Reproduce, exactly and in full, only the lines below from the one containing "MTD Wiring Diagram" through the one containing "Energielabel Schinkelkade 33-3 Amsterdam".

======== DATA UNDER STUDY ========

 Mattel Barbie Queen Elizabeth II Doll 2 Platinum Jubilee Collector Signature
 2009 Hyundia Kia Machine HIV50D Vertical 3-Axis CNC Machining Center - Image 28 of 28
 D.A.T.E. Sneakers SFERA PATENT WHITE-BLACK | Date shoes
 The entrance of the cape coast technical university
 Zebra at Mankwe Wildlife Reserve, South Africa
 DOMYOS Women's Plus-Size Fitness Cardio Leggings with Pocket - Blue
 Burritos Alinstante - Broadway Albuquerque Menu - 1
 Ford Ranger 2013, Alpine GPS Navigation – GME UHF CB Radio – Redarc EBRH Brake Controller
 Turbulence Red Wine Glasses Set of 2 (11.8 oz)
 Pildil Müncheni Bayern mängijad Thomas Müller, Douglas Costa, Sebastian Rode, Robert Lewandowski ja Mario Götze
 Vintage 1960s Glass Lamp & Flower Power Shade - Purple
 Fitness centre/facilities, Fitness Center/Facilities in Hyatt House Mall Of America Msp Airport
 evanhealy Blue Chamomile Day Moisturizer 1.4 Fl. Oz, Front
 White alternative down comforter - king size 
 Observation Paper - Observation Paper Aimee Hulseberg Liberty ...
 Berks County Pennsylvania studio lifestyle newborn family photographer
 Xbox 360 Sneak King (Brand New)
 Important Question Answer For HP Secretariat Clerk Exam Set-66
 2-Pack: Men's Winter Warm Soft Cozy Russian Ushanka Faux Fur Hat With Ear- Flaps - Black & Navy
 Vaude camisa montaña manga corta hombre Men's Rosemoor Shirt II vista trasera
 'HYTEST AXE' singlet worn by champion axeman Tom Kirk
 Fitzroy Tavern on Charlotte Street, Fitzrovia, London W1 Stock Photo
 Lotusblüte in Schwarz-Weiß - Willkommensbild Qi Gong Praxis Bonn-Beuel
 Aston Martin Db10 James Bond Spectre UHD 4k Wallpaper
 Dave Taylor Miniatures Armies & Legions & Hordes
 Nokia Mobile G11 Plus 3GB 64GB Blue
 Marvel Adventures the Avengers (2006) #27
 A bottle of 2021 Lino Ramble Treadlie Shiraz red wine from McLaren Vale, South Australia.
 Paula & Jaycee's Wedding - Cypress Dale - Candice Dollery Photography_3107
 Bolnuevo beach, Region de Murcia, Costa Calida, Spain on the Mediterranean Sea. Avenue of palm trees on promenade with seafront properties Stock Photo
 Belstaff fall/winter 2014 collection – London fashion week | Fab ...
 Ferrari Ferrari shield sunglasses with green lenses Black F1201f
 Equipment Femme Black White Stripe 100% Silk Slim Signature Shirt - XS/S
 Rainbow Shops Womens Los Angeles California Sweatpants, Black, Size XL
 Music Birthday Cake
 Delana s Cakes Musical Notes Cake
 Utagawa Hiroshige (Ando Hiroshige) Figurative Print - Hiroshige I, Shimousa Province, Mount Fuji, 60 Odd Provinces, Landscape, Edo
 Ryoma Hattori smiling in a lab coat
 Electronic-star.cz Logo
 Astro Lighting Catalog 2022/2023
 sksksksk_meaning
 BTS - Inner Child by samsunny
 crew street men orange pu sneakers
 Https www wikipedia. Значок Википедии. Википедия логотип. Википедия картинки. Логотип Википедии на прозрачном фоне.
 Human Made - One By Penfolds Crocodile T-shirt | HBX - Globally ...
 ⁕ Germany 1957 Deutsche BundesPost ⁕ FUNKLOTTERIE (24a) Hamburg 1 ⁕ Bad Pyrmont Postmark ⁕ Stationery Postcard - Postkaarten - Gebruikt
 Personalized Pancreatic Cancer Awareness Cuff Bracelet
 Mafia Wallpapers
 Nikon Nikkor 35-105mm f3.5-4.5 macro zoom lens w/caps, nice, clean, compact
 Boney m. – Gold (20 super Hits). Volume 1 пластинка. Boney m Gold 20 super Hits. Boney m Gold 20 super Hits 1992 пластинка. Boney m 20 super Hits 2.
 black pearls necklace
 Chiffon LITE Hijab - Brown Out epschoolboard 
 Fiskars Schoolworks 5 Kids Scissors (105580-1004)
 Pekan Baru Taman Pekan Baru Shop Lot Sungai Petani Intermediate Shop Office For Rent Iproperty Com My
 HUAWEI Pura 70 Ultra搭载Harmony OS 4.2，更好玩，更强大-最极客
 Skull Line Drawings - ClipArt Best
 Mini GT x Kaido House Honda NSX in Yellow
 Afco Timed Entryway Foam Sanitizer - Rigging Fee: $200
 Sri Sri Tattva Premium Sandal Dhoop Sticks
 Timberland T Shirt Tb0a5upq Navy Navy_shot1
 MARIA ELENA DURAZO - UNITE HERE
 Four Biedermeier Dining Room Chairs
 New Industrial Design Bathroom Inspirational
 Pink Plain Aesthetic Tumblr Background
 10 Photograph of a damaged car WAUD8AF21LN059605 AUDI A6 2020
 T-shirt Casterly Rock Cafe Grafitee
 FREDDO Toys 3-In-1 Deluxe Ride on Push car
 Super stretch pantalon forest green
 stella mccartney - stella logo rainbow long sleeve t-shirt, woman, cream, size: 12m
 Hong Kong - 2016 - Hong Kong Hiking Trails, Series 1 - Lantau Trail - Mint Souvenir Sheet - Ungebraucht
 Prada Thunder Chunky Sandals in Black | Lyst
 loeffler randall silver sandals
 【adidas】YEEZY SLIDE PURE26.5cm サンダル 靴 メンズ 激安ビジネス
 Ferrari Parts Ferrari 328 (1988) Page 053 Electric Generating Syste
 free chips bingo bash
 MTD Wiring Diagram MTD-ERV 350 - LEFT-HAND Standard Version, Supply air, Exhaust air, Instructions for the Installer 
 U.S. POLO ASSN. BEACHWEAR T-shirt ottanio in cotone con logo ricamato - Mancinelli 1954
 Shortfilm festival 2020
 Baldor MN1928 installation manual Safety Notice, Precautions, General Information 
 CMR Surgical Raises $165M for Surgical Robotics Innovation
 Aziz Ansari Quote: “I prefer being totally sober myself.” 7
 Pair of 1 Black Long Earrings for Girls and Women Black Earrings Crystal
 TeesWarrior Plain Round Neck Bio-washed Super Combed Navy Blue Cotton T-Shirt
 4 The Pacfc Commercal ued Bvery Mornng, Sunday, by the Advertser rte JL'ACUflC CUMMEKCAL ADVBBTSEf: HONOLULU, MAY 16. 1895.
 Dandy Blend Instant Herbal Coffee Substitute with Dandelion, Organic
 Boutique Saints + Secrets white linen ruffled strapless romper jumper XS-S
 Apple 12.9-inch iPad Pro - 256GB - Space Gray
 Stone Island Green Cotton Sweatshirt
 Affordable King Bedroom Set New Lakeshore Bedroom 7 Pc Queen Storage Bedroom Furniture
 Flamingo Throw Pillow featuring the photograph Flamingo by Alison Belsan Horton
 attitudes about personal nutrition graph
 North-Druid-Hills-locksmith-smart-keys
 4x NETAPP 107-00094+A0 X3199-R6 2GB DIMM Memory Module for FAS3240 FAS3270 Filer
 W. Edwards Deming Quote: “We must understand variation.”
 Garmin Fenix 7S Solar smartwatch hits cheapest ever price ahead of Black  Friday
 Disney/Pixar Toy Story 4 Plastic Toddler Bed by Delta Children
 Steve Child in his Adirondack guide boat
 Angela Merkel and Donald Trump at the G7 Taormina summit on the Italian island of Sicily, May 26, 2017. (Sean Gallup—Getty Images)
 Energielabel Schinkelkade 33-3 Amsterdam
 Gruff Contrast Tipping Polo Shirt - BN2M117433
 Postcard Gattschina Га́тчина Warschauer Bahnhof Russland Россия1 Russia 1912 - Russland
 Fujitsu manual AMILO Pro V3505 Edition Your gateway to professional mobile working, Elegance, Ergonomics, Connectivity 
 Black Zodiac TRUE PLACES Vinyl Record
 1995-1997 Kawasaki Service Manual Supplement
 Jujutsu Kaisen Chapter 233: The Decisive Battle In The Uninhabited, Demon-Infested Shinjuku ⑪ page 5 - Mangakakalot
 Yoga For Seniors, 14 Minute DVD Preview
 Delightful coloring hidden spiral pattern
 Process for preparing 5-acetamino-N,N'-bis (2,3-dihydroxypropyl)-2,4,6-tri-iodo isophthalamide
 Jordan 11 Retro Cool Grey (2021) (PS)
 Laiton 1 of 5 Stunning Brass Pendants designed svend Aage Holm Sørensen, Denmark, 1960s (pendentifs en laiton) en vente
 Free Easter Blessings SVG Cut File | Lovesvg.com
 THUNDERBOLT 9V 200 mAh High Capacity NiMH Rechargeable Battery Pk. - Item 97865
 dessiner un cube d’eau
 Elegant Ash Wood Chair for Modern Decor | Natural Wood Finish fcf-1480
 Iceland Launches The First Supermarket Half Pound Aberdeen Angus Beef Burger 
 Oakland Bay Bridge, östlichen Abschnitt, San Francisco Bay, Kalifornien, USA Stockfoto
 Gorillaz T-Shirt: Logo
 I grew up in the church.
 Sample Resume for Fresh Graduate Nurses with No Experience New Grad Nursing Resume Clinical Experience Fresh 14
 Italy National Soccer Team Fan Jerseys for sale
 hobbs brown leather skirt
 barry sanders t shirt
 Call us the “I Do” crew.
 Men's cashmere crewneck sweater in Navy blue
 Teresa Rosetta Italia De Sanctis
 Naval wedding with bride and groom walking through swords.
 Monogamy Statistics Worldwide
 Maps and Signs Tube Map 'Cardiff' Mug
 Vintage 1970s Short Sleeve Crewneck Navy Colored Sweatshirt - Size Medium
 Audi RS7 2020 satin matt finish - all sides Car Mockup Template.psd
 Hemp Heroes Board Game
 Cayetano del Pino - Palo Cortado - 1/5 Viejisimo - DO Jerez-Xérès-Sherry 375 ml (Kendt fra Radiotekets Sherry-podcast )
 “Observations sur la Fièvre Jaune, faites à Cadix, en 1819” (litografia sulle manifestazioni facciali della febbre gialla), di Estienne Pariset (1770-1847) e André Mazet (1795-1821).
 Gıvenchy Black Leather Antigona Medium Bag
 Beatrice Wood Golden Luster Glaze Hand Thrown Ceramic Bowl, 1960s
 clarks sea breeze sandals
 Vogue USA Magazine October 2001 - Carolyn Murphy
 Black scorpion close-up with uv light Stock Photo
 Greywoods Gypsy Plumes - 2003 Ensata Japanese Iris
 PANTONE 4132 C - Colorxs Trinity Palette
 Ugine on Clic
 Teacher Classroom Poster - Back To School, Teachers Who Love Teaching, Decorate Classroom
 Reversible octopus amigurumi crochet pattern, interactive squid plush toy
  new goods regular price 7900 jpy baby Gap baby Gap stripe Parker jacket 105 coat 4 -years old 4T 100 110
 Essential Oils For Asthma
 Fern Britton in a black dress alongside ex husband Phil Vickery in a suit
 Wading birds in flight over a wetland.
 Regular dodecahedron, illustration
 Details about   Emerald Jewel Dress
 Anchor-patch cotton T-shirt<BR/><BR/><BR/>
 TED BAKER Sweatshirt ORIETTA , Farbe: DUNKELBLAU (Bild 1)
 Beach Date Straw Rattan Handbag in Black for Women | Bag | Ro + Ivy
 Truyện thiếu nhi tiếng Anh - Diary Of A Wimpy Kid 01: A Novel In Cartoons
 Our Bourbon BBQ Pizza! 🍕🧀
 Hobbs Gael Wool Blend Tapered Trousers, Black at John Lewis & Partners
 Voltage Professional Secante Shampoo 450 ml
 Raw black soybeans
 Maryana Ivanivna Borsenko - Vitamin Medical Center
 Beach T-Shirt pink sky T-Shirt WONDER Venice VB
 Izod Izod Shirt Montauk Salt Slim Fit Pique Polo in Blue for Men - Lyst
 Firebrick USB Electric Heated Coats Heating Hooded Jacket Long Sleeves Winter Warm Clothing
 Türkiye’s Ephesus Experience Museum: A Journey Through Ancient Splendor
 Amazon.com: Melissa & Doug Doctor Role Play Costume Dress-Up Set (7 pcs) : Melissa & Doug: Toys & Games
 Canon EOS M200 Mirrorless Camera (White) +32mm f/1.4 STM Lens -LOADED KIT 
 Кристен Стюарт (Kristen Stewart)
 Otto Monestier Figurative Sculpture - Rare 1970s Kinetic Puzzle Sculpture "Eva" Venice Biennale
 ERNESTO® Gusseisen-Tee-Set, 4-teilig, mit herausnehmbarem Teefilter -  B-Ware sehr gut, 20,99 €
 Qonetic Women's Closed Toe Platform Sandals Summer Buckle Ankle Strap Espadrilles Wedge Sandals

========

### TASK RESPONSE
 MTD Wiring Diagram MTD-ERV 350 - LEFT-HAND Standard Version, Supply air, Exhaust air, Instructions for the Installer 
 U.S. POLO ASSN. BEACHWEAR T-shirt ottanio in cotone con logo ricamato - Mancinelli 1954
 Shortfilm festival 2020
 Baldor MN1928 installation manual Safety Notice, Precautions, General Information 
 CMR Surgical Raises $165M for Surgical Robotics Innovation
 Aziz Ansari Quote: “I prefer being totally sober myself.” 7
 Pair of 1 Black Long Earrings for Girls and Women Black Earrings Crystal
 TeesWarrior Plain Round Neck Bio-washed Super Combed Navy Blue Cotton T-Shirt
 4 The Pacfc Commercal ued Bvery Mornng, Sunday, by the Advertser rte JL'ACUflC CUMMEKCAL ADVBBTSEf: HONOLULU, MAY 16. 1895.
 Dandy Blend Instant Herbal Coffee Substitute with Dandelion, Organic
 Boutique Saints + Secrets white linen ruffled strapless romper jumper XS-S
 Apple 12.9-inch iPad Pro - 256GB - Space Gray
 Stone Island Green Cotton Sweatshirt
 Affordable King Bedroom Set New Lakeshore Bedroom 7 Pc Queen Storage Bedroom Furniture
 Flamingo Throw Pillow featuring the photograph Flamingo by Alison Belsan Horton
 attitudes about personal nutrition graph
 North-Druid-Hills-locksmith-smart-keys
 4x NETAPP 107-00094+A0 X3199-R6 2GB DIMM Memory Module for FAS3240 FAS3270 Filer
 W. Edwards Deming Quote: “We must understand variation.”
 Garmin Fenix 7S Solar smartwatch hits cheapest ever price ahead of Black  Friday
 Disney/Pixar Toy Story 4 Plastic Toddler Bed by Delta Children
 Steve Child in his Adirondack guide boat
 Angela Merkel and Donald Trump at the G7 Taormina summit on the Italian island of Sicily, May 26, 2017. (Sean Gallup—Getty Images)
 Energielabel Schinkelkade 33-3 Amsterdam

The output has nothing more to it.